First some very un-mathematical "applied" theory:

If you sample a waveform signal (heart beat pressure pulses, ECG, doppler flow 
signals, etc.) with a certain data acquisition frequency, an fft of your data 
gives you the decomposition/breakdown of the waveform signal into a series of 
pure sin waves of different frequencies. Each sin wave in that list has:
a) a certain "magnitude", i.e. a measure of how much that particular frequency 
participates in the generation of your signal, and 
b) a phase, i.e. the starting point of each sin wave.

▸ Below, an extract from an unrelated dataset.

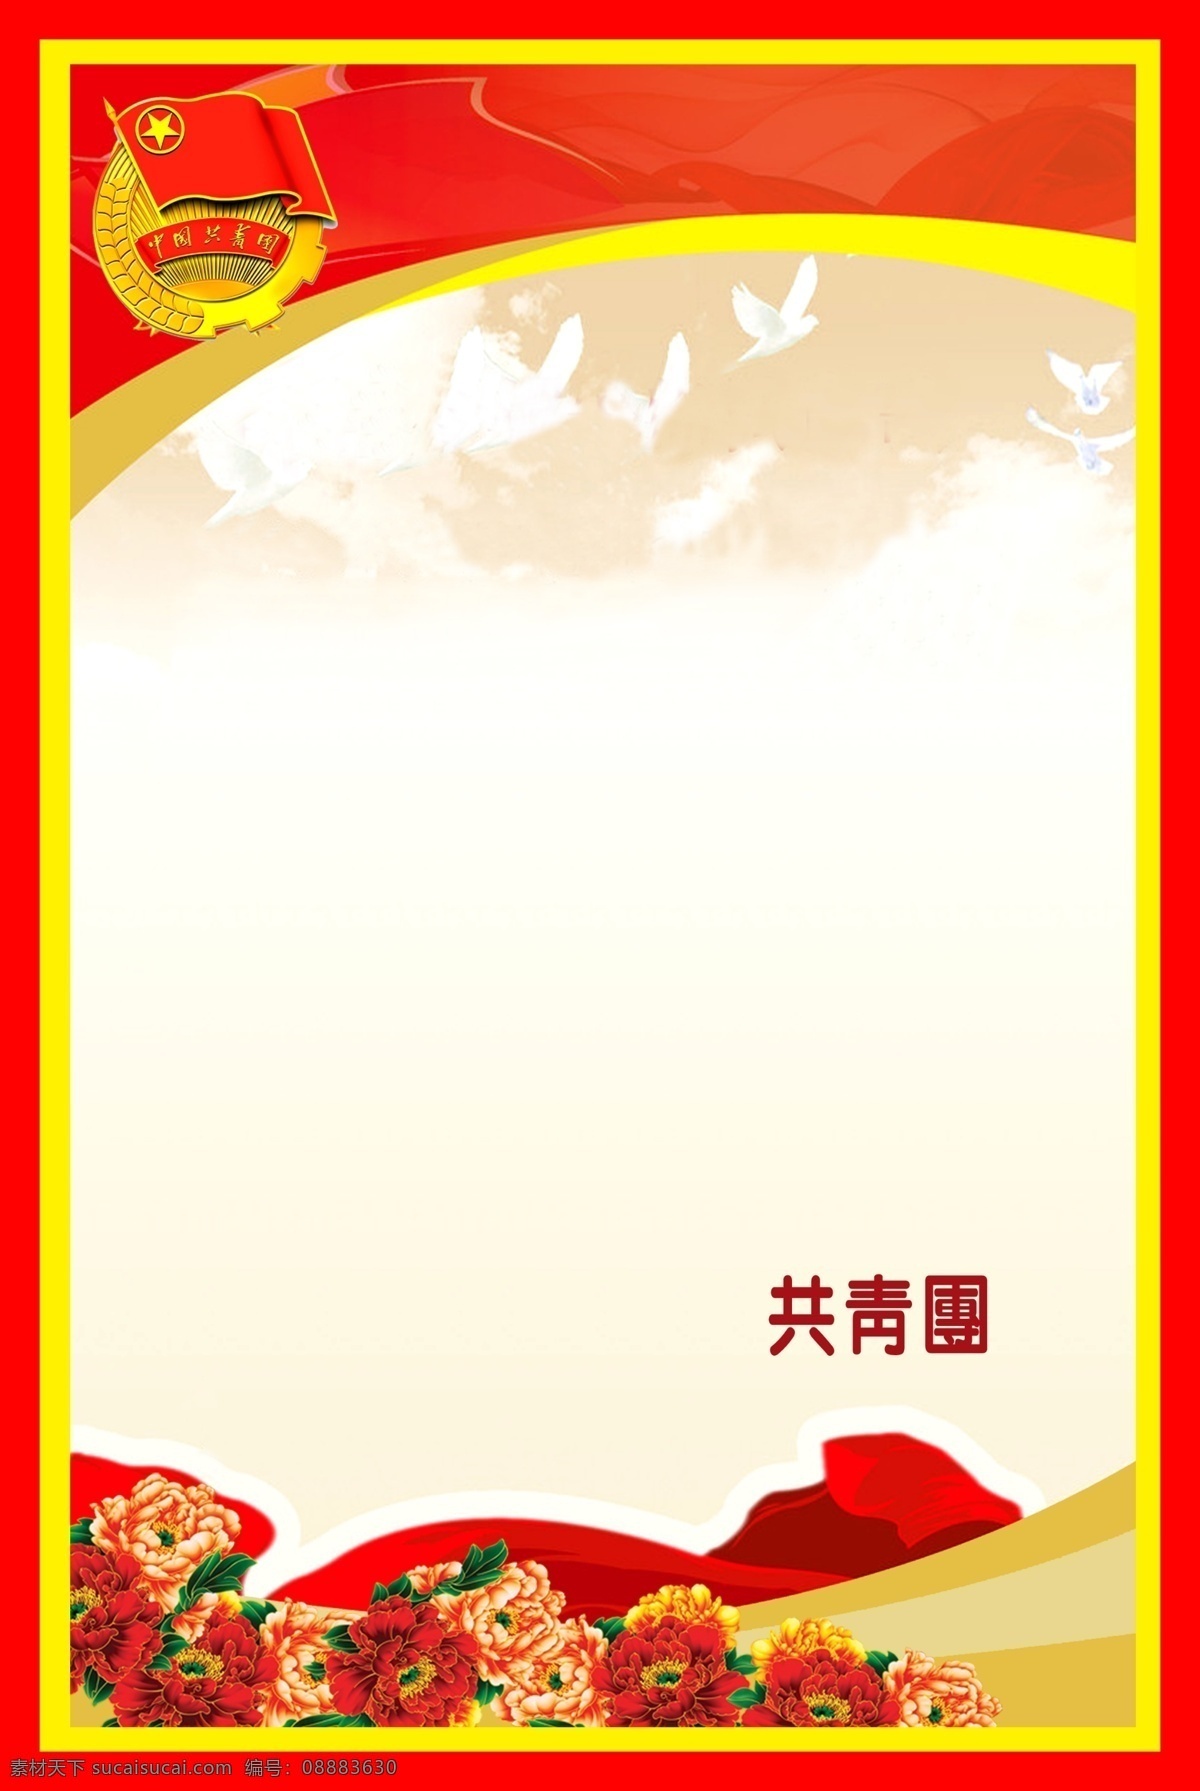 共青团 中国共青团 鲜花 共青团标志 鸽子 共青团展板 广告设计模板 源文件

Two characteristics of an fft have to be considered:
1) the highest meaningful sin wave frequency of your fft-analysis of the 
original waveform signal is half the data acquisition frequency (actually, 
R's fft gives you a list of frequencies up to the acquisition frequency, but 
you can only use the first half of it, see below)
2) the frequency resolution of your fft-analysis depends on the sampling time. 
The longer the sampling/analysis interval, the finer the resolution. 
Frequency resolution is actually 1 divided by sampling time (sec).

An example:
- some complicated waveform signal
- 1000 Hz data acquisition frequency (going on for hours)
- fft-analysis of data blocks of 1 sec length
Result:
- vector of frequencies from 1 to 500 Hz with a resolution of 1 Hz, 
corresponding vector of magnitudes (one for each frequency) and phases 
(dito).
You can now e.g. pick the frequency with the highest magnitude within that 1 
sec block and continue the fft analysis in 1 sec blocks for the complete data 
set, analysing the time course of the "main" frequency of your waveform 
signal.

If you need higher frequency resolution, increase the block length. Analysis 
of a 5 sec block will give you a list of frequencies from 0.2 to 500 Hz with 
a resolution of 0.2 Hz. However, increasing analysis-block length decreases 
temporal resolution, i.e. "main" frequency are now calculated only every 5 
sec and not 1 sec.

What does R's fft() deliver?

fft() is calculated with a single one-dimensional vector. Information on data 
acquisition frequency and block length (in sec or whatever) can not be 
included into the fft()-call.

R delivers a single one-dimensional vector of the same length as the data 
vector containing a list of imaginary numbers.
To extract the "magnitudes" use Mod(fft()).
The magnitudes can also be calculated using the formula:
magnitude = square root (real * real + imaginary * imaginary)
real: Re(fft()), imaginary: Im(fft())

Confusingly, if you calculate fft() on a sample vector consisting of 2 pure 
sin frequencies, you get 4 peaks, not 2.

As stated above, fft() gives only "meaningful" frequency up to half the 
sampling frequency. R, however, gives you frequencies up to the sampling 
frequency. The point is, that sampling a signal in discret time intervals 
causes aliasing problems. E.g. when sampling a 50 Hz sin wave and 950 Hz sin 
wave with 1000 Hz, the results will be identical. An fft can not distinguish 
between the two frequencies. Therefore, the sampling frequency should always 
be at least twice as high as the expected signal frequency.
So for each actual frequency in the signal, fft() will give 2 peaks (one at 
the "actual" frequency and one at sampling frequency minus "actual" 
frequency), making the second half of the magnitude vector a mirror image of 
the first half.
As long as the sampling frequency was at least twice as high as the expected 
signal frequency, all "meaningful" information is contained in the the first 
half of the magnitude vector. A peak in the low frequency range might 
nevertheless still be caused by a high "noise" frequency.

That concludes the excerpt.